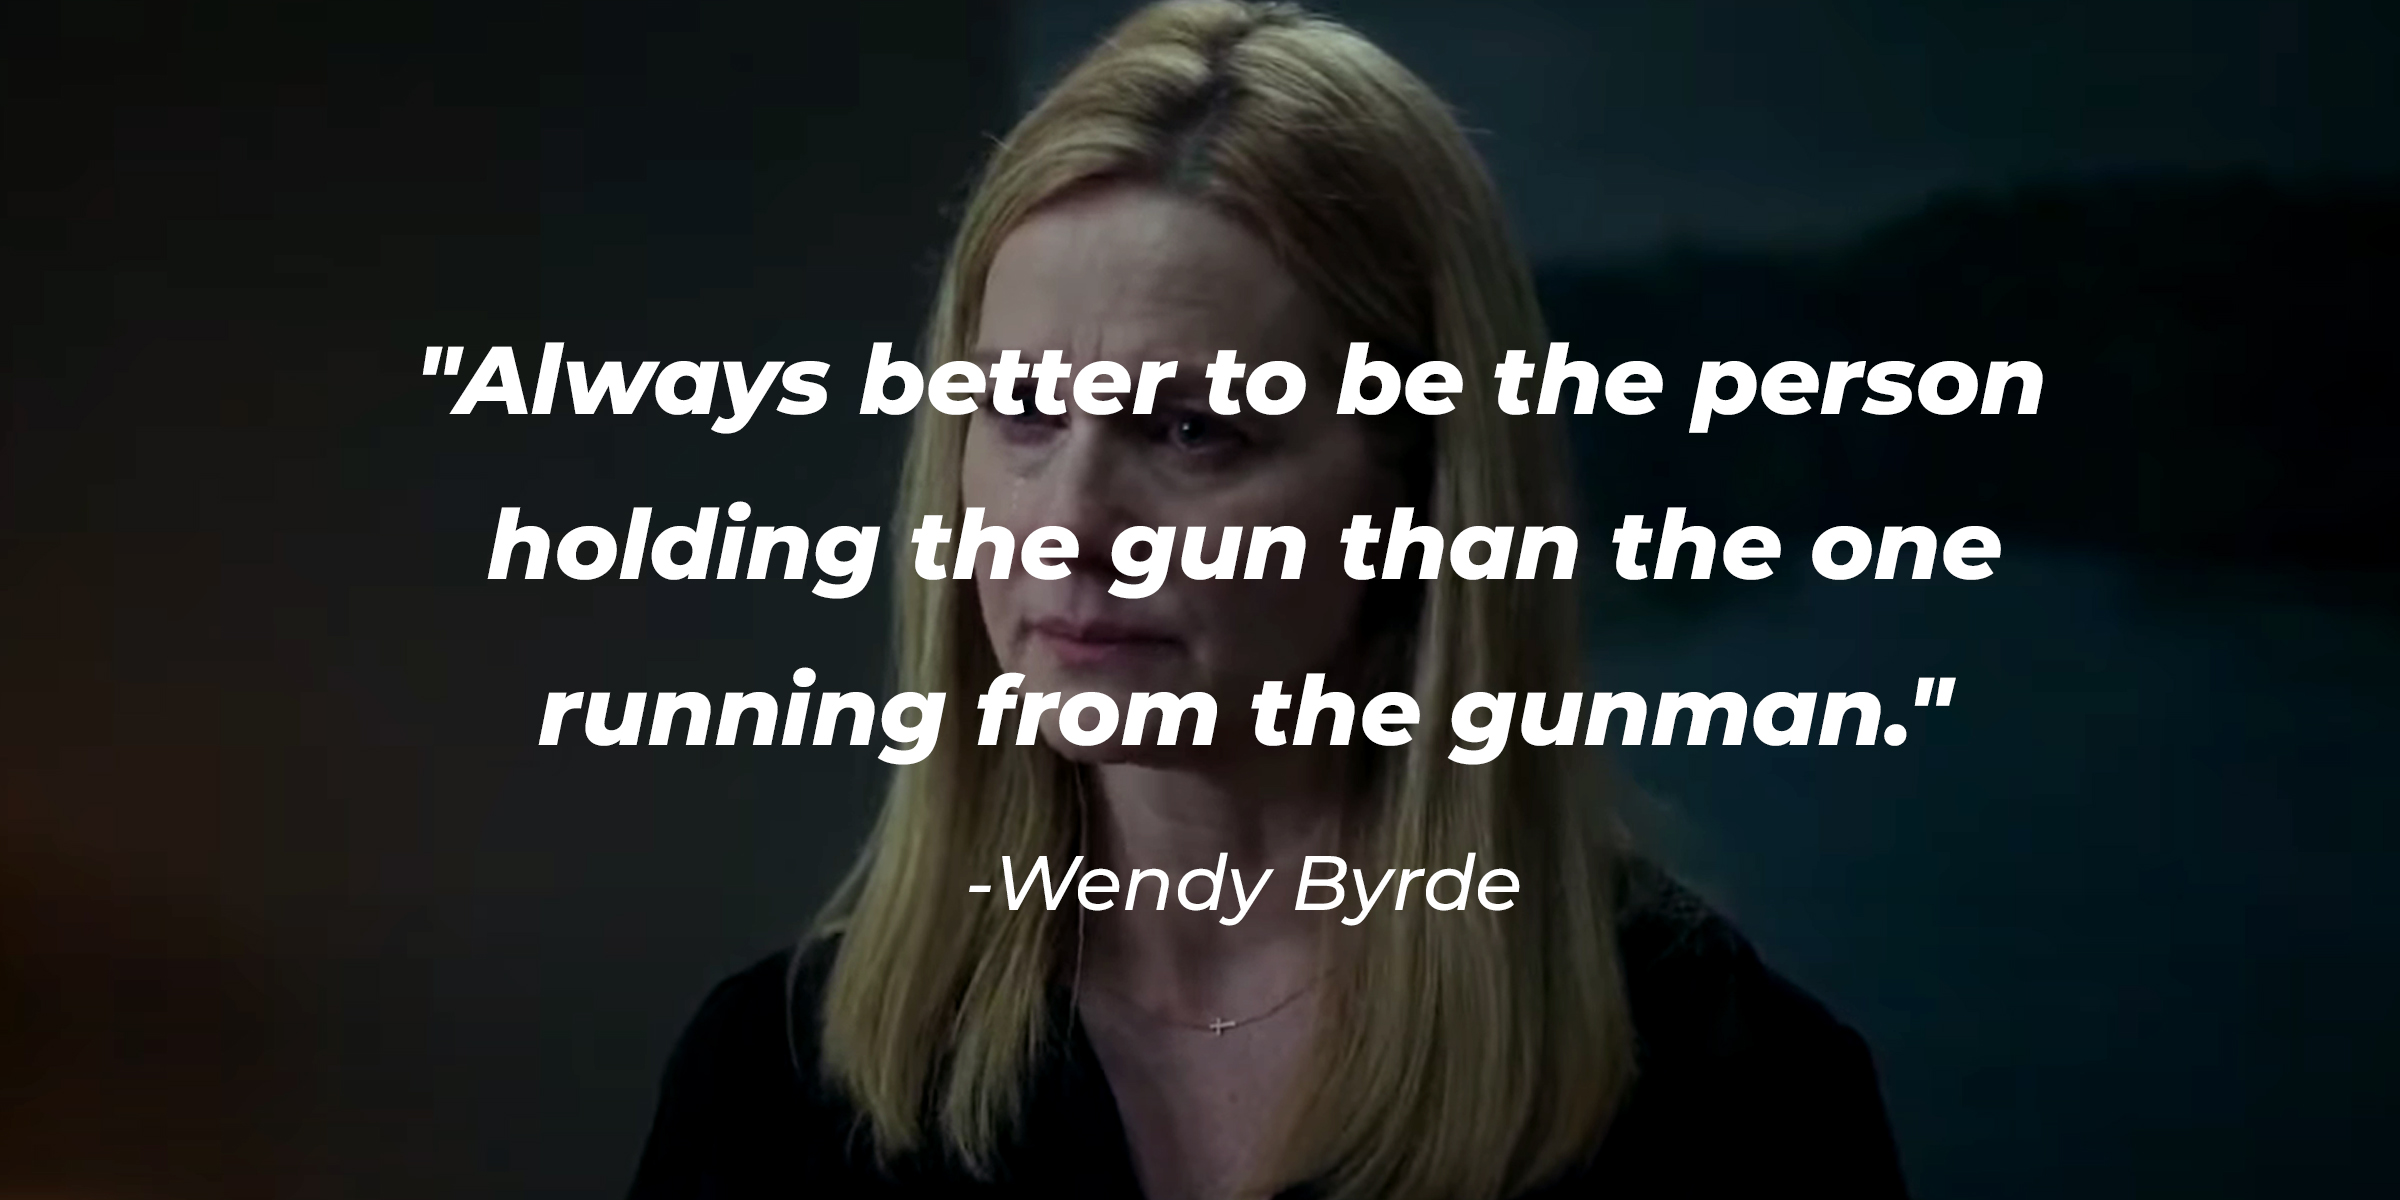 Wendy Byrde’s quote: “Always better to be the person holding the gun than the one running from the gunman.” | Source: facebook.com/OzarkNetflix
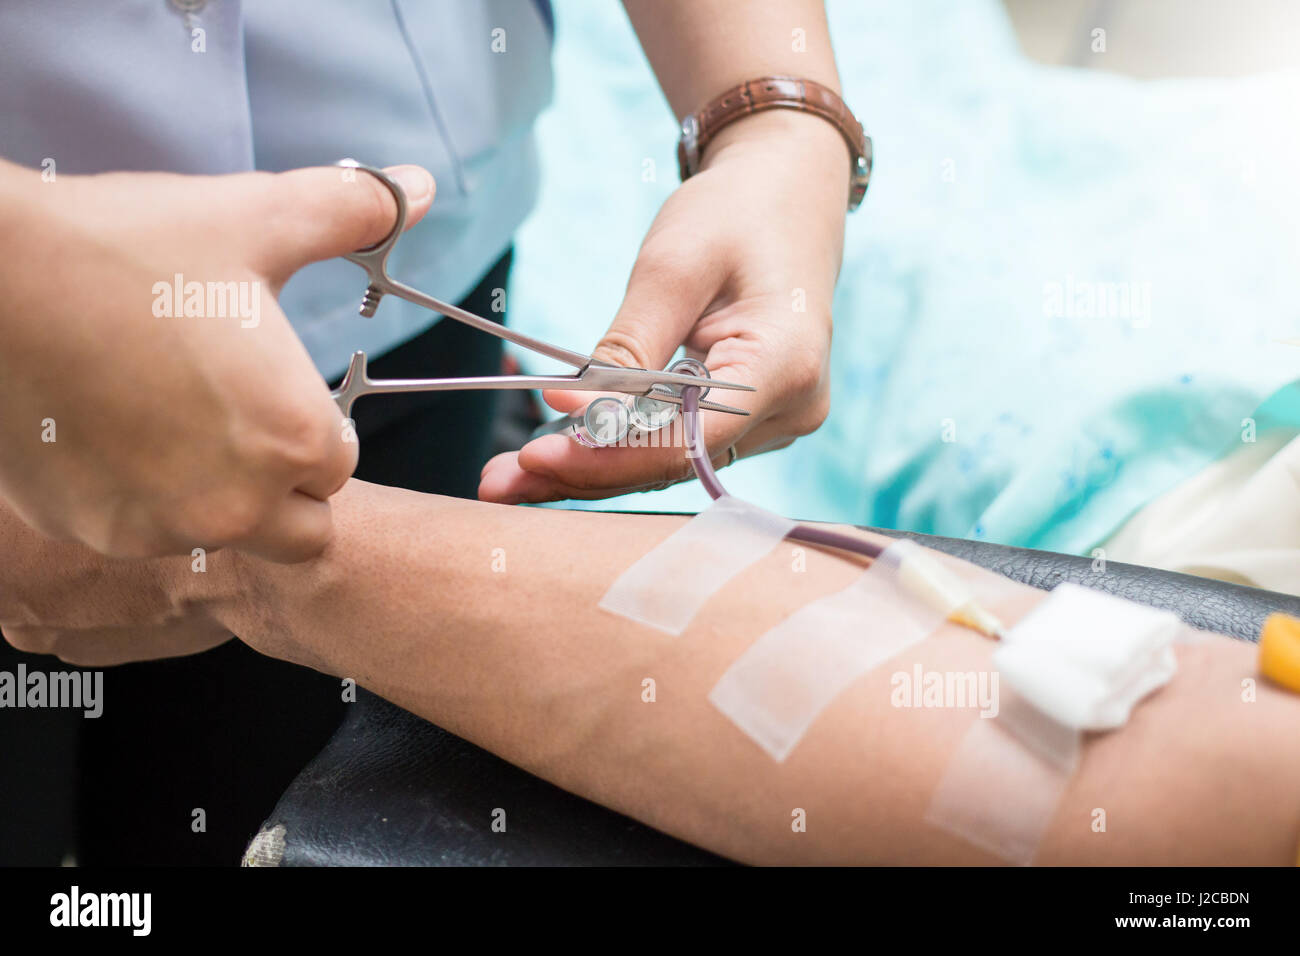 Donate blood using a needle in the arm. Stock Photo
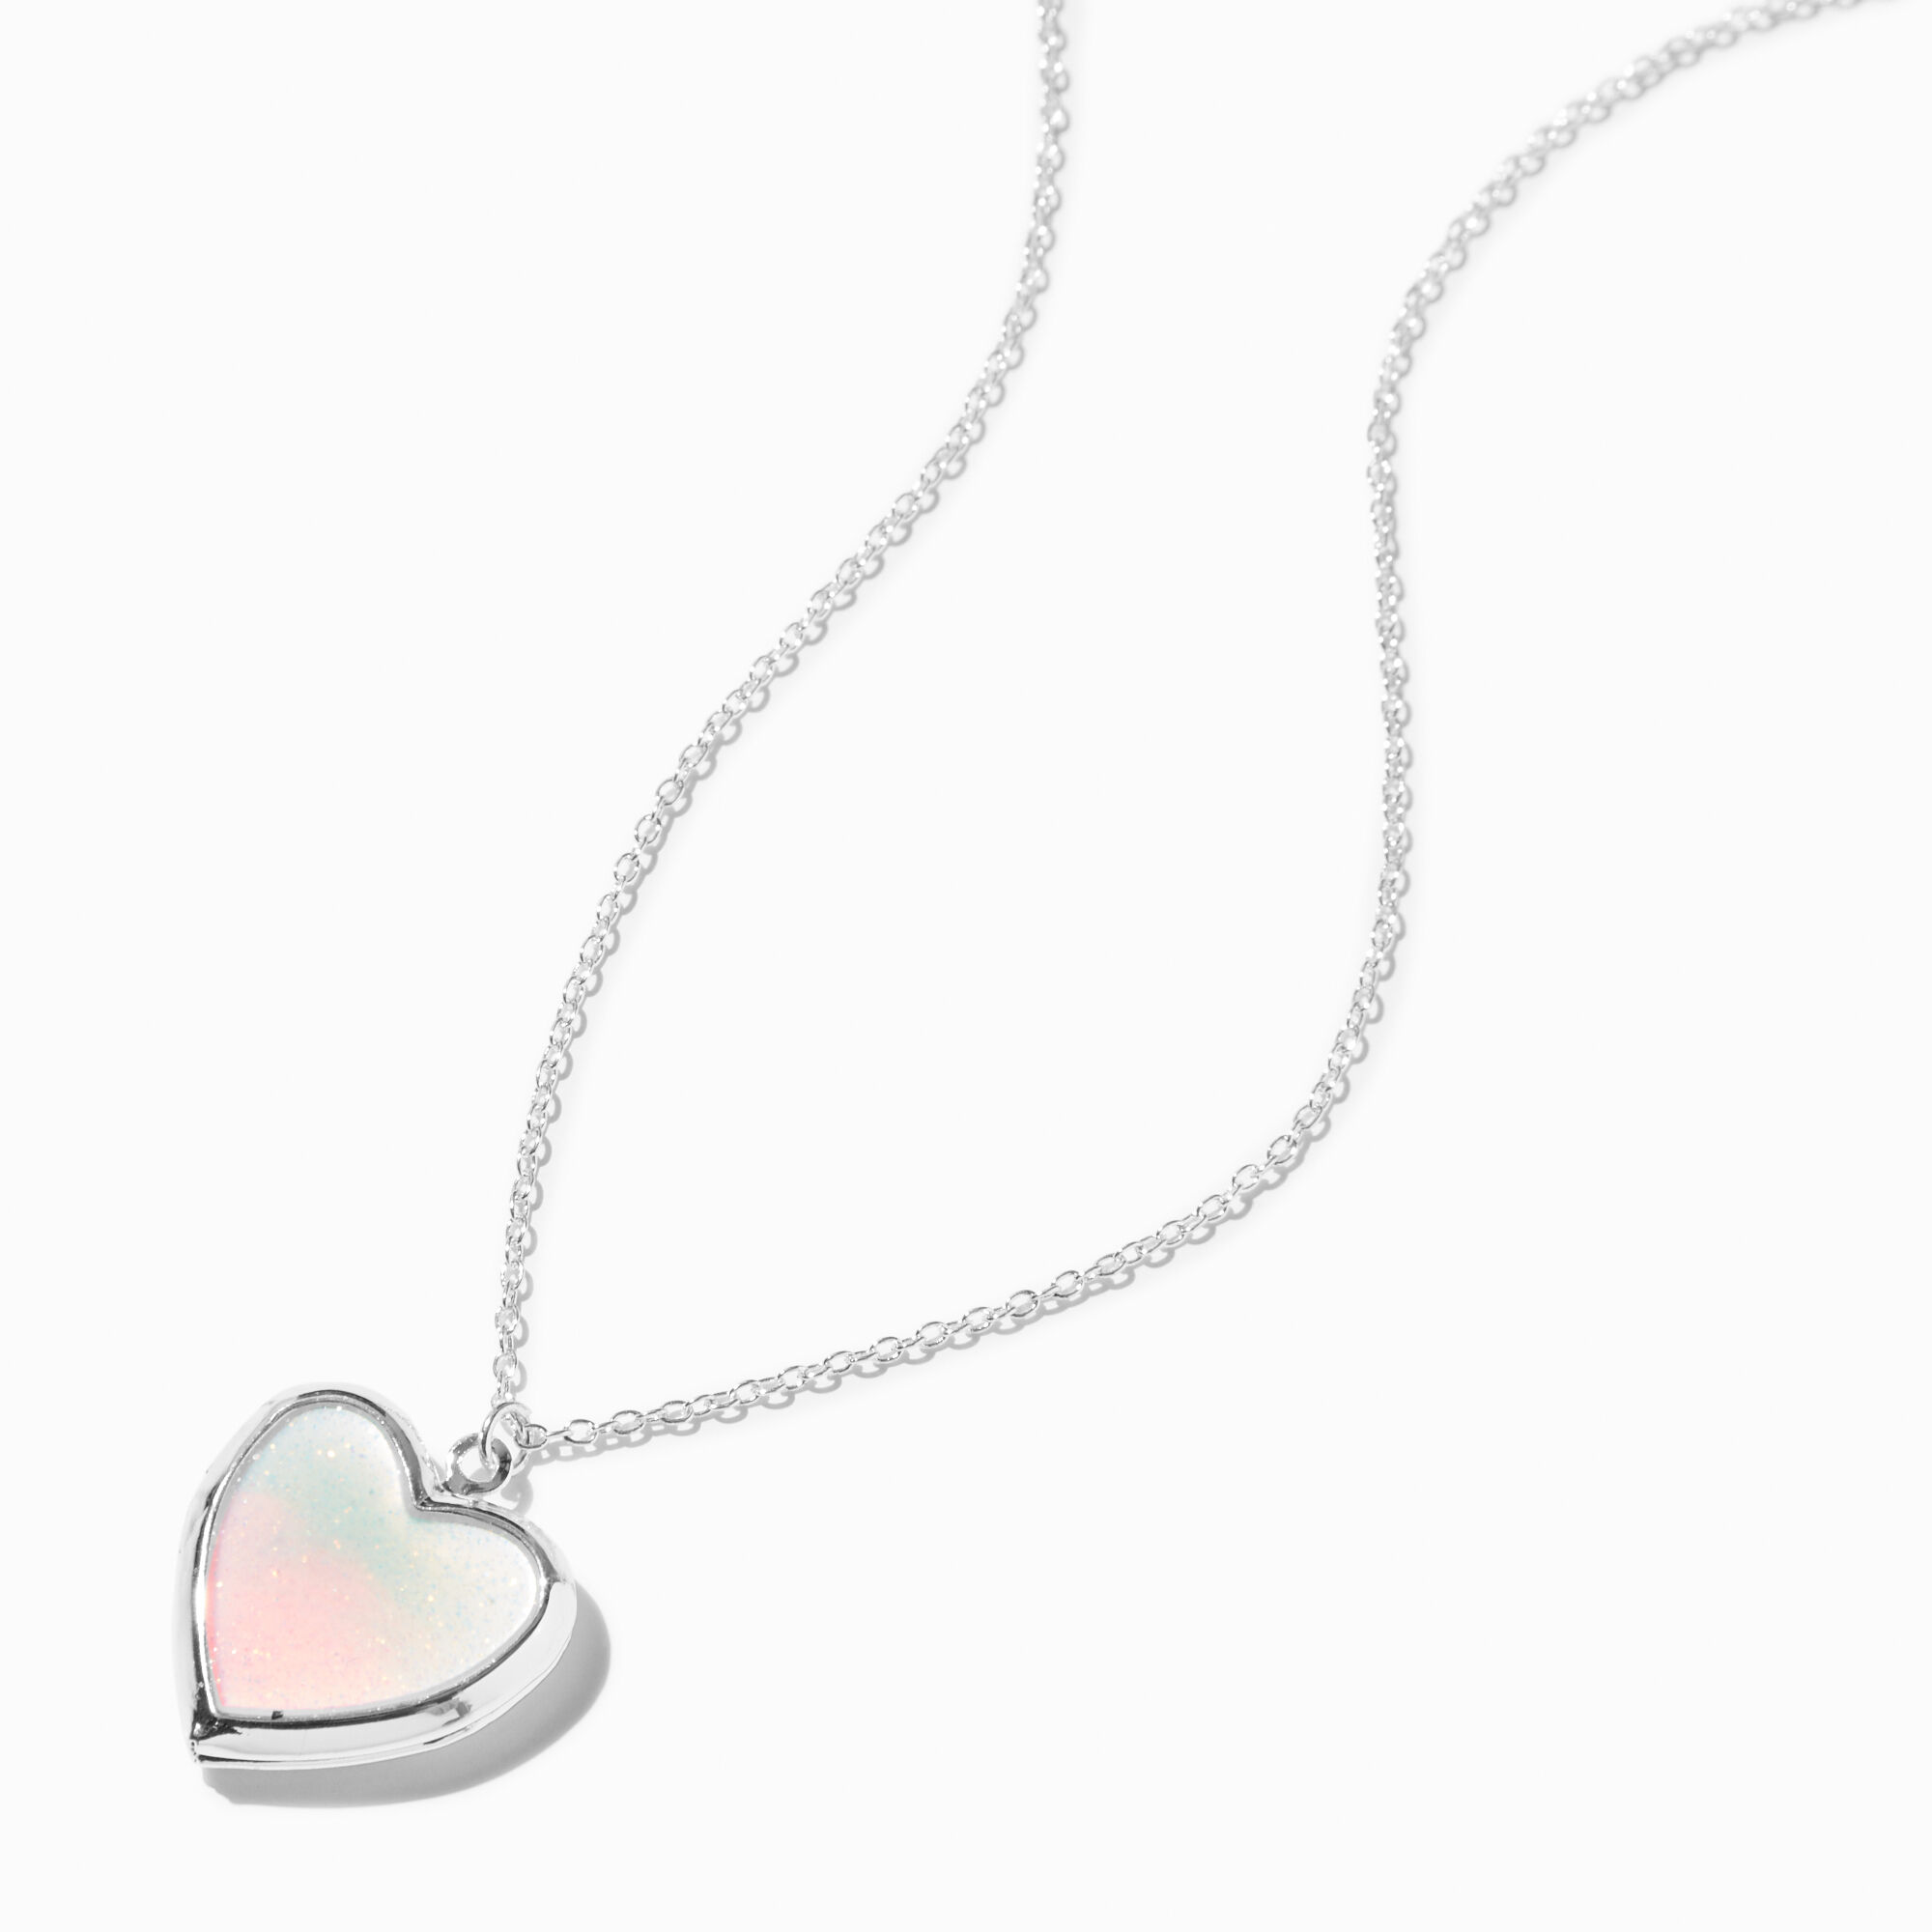 silver heart locket products for sale | eBay

────────────────────────────────────────

• **Requirement**: Would you please give the material above again, unchanged but without pictures?

• **Output below**:
 Wendy Byrde’s quote: “Always better to be the person holding the gun than the one running from the gunman.” | Source: facebook.com/OzarkNetflix
 Donate blood using a needle in the arm. Stock Photo
 silver heart locket products for sale | eBay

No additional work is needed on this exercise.